An agency's denial to inspect records must "provide particular and detailed information," not merely a "limited and perfunctory response."
Edmondson v. Alig , 926 S.W.2d 856, 858 (Ky. App. 1996). A public agency that denies a request to inspect records carries the burden of proving that the claimed exemption applies to withhold the requested record. KRS 61.880(2)(c). The Act allows public agencies to deny a request to inspect records that are "preliminary drafts, notes, and correspondence with private individuals , other than correspondence which is intended to give notice of final action of a public agency." KRS 61.878(1)(i). Under KRS 61.878(1)(j), an exemption that is separate and distinct from KRS 61.878(1)(i), records that are "preliminary recommendations, and preliminary memoranda in which opinions are expressed or policies are formulated or recommended" are also exempt from inspection. However, Kentucky courts have held that such preliminary recommendations lose their exempt status if the recommendations are adopted by the agency as part of its final action. See
Univ. of Ky. v. Courier-Journal & Louisville Times Co. , 830 S.W.2d 373, 378 (Ky. 1992).

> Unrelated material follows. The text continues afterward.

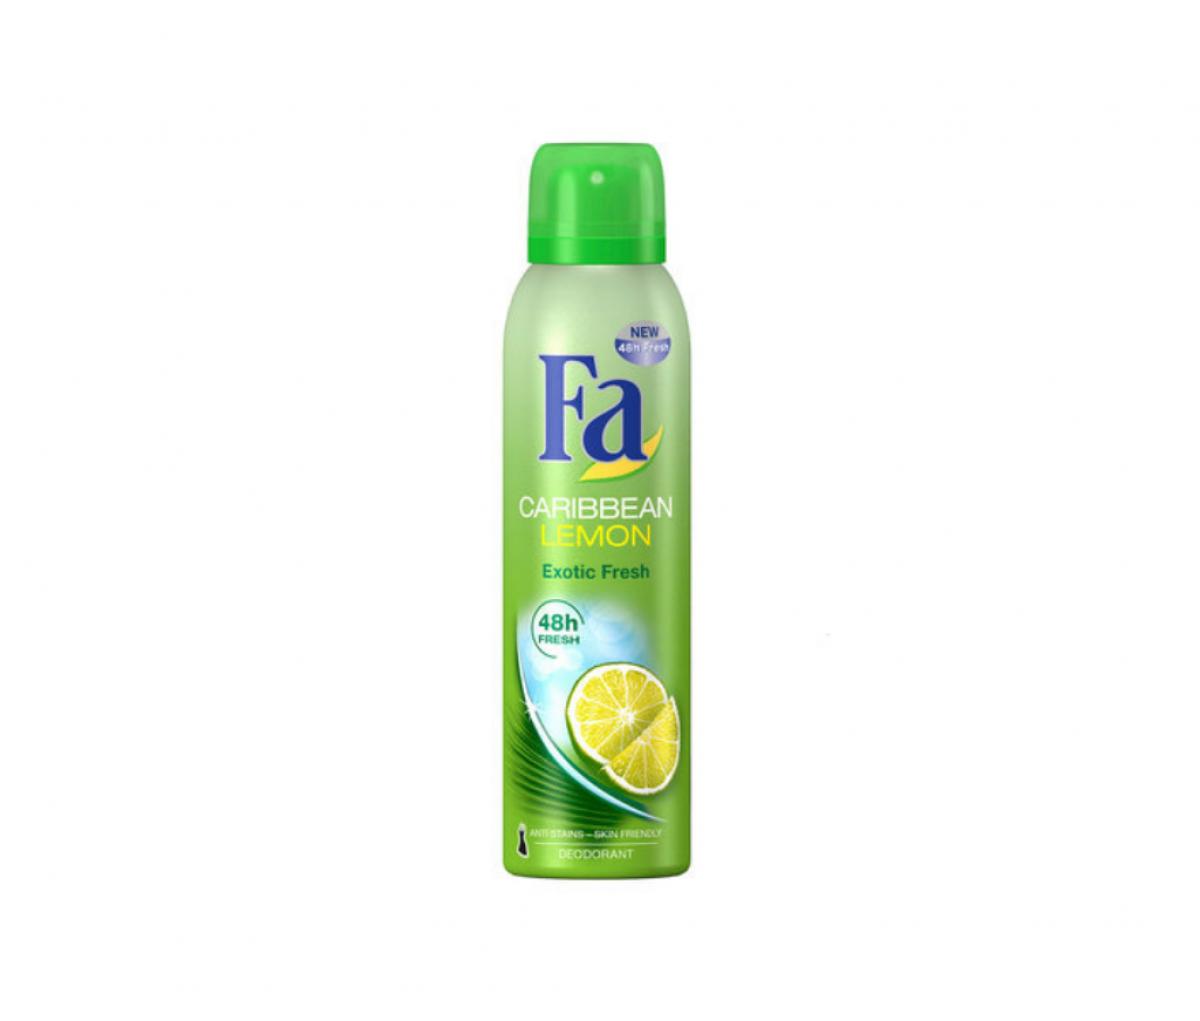 FA Deo 200ml Caribbean Lemon

Here, the records withheld are internal preliminary communications between Board staff . The Appellant argues that the Board cannot rely on KRS 61.878(1)(i) to deny inspection of such communications because these are internal agency communications that were not exchanged with private individuals. He is correct. The plain language of KRS 61.878(1)(i) states the exception applies to "correspondence with private individuals ." And the Board does not explain how these emails could be considered "preliminary drafts" or "notes." Thus, KRS 61.878(1)(i) does not apply to deny inspection of these emails.
Moreover, the Board does not explain how these emails can still be considered preliminary. According to the Appellant, the Board has taken final action against his client. Thus, according to the Appellant, all 37 emails must be produced. He is partially correct. Only those policy recommendations that are adopted as part of the agency's final action lose their exempt status. Univ. of Ky. , 830 S.W.2d at 378. The Board does not assert that all of the recommendations discussed within these emails were rejected (and therefore not adopted) by the Board. Those emails containing recommendations or opinions which were not adopted by the Board continue to be exempt under KRS 61.878(1)(j). But any emails containing recommendations that were adopted by the Board have now lost their preliminary status and are no longer exempt. Univ. of Ky. , 830 S.W.2d at 378. The Board's "limited and perfunctory response," Edmondson , 926 S.W.2d at 858, did not explain how it concluded that these emails were exempt under KRS 61.878(1)(j) in light of the final action taken by the Board. 2Therefore, it violated the Act. 3
A party aggrieved by this decision may appeal it by initiating action in the appropriate circuit court pursuant to KRS 61.880(5) and KRS 61.882. Pursuant to KRS 61.880(3), the Attorney General shall be notified of any action in circuit court but shall not be named as a party in that action or in any subsequent proceedings.